Man muss kein Warhol-Experte sein
Wie lange kann der Betrachter konzentriert in diese Gesichter blicken, ohne dass die Gedanken abschweifen? Was hört man, obwohl die Filme stumm sind? Der Besucher wandelt durch abdunkelte Räume und muss kein Warhol-Experte sein, um diese Ausstellung zu verstehen. Er kann sogar von Warhol noch nie etwas gehört haben. Diese Vielschichtigkeit macht die Ausstellung so gut, so besonders. Wer will, kann sich im Text verlieren. Kann alles lesen über Warhol und seine Screen Tests, wer diese Menschen waren, kann interpretieren, entdecken und Warhols Aura erspüren. Oder aber man lässt das. Vergisst Historie und Rezeption, lässt einfach die Gesichter auf sich wirken. Und hört den Texten von Heike Geißler zu:
Audio der Ausstellung: "Ich habe Jahre in fremden Köpfen verbracht. Ich habe mein ganzes Leben in fremden Köpfen verbracht und anderer Leute Gesichter gedeutet. Ich bin über Gesichter wie durch Baumärkte geeilt."

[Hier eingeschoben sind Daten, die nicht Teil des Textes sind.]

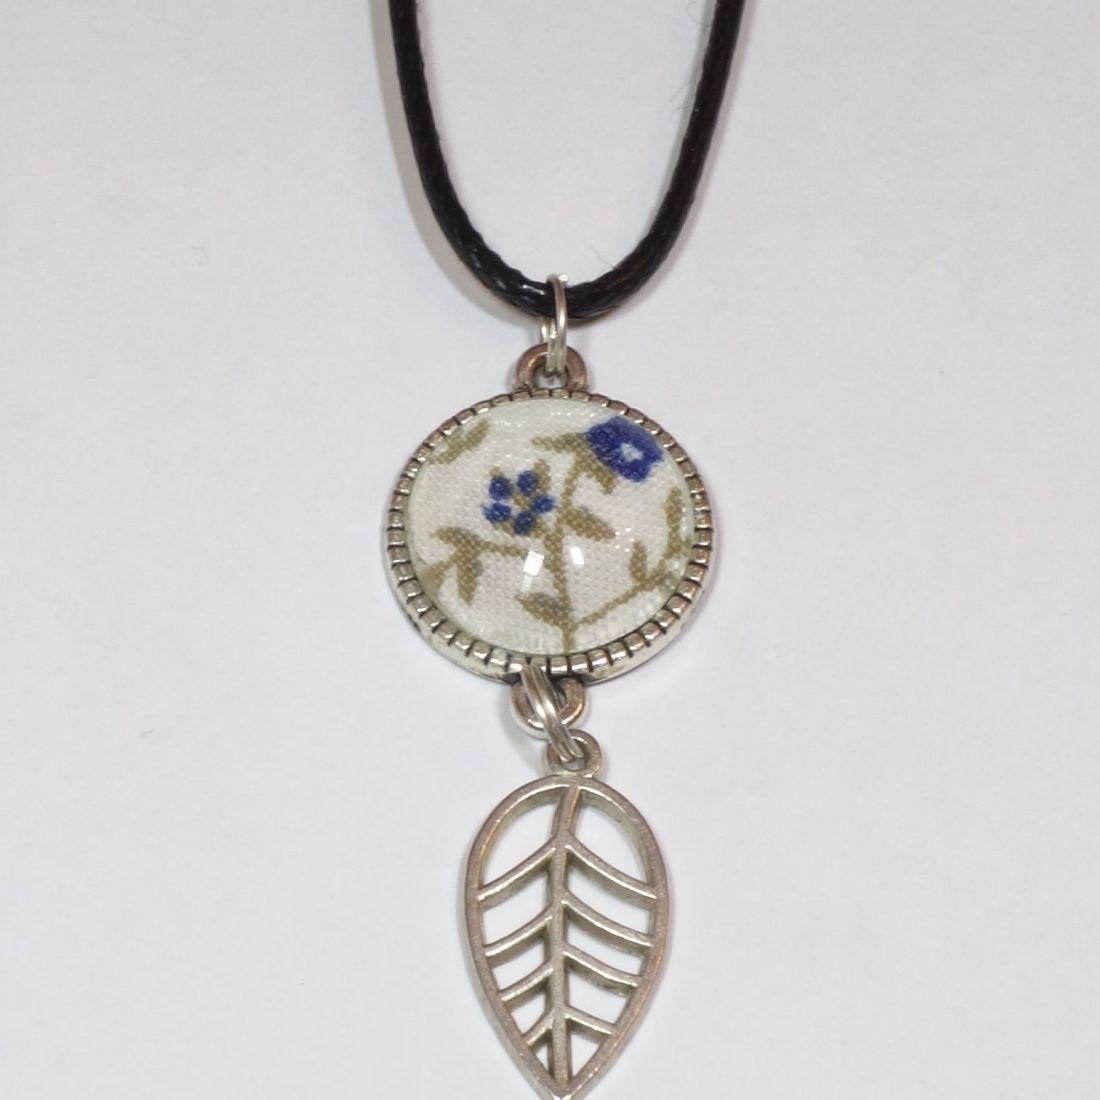 Üveglencsés nyaklánc ezüst színű kerettel, textil díszítéssel

In den gefilmten Gesichtern versinken
Man kann auch über die von Warhol gefilmten Gesichter eilen. Oder in ihnen versinken. Nachdenken. Wer ist echt und was ist echt und was wird vor der Kamera bloß gespielt? Immer wiederkehrende Fragen.
"Die Filme sind alle sehr ähnlich aufgebaut und inszeniert. Es gibt auch einige Ausreißer, wo man merkt, die sind nicht in der Factory aufgenommen oder da ist was schief gegangen. Für mich war spannende zu gucken, wie sind die aufgenommen. Auch die improvisierte Lichtsetzung, das sieht man auch, teilweise erinnert das an film noir Ästhetik. Wie kann man das stärker rausholen? Wie bringt man die in Raum, wie ordnete man die an? Ohne, dass man diese Exponate überformt."
Der Künstler Stefan Hurtig hat räumliche Settings erschaffen, die Warhols Screen Tests auf einmal in Dialog treten lassen. Hier werden die Filme nicht starr hintereinander abgespielt wie im Kino, hier begegnen sie sich. Und es liegt am Betrachter, was er sieht: Ob über allen Andy Warhols Geist schwebt oder ob es zeitlose Gesichter sind, denen man eben noch auf der Straße begegnet ist.
Am Ende wird auch dem Betrachter der Spiegel vorgehalten. Wenn man aus dem Dunkeln kommend, wieder ins Sonnenlicht und in den Leipziger Verkehr taumelt, muss sich jeder zwangsläufig fragen: Bin ich tatsächlich der, für den ich mich ausgebe?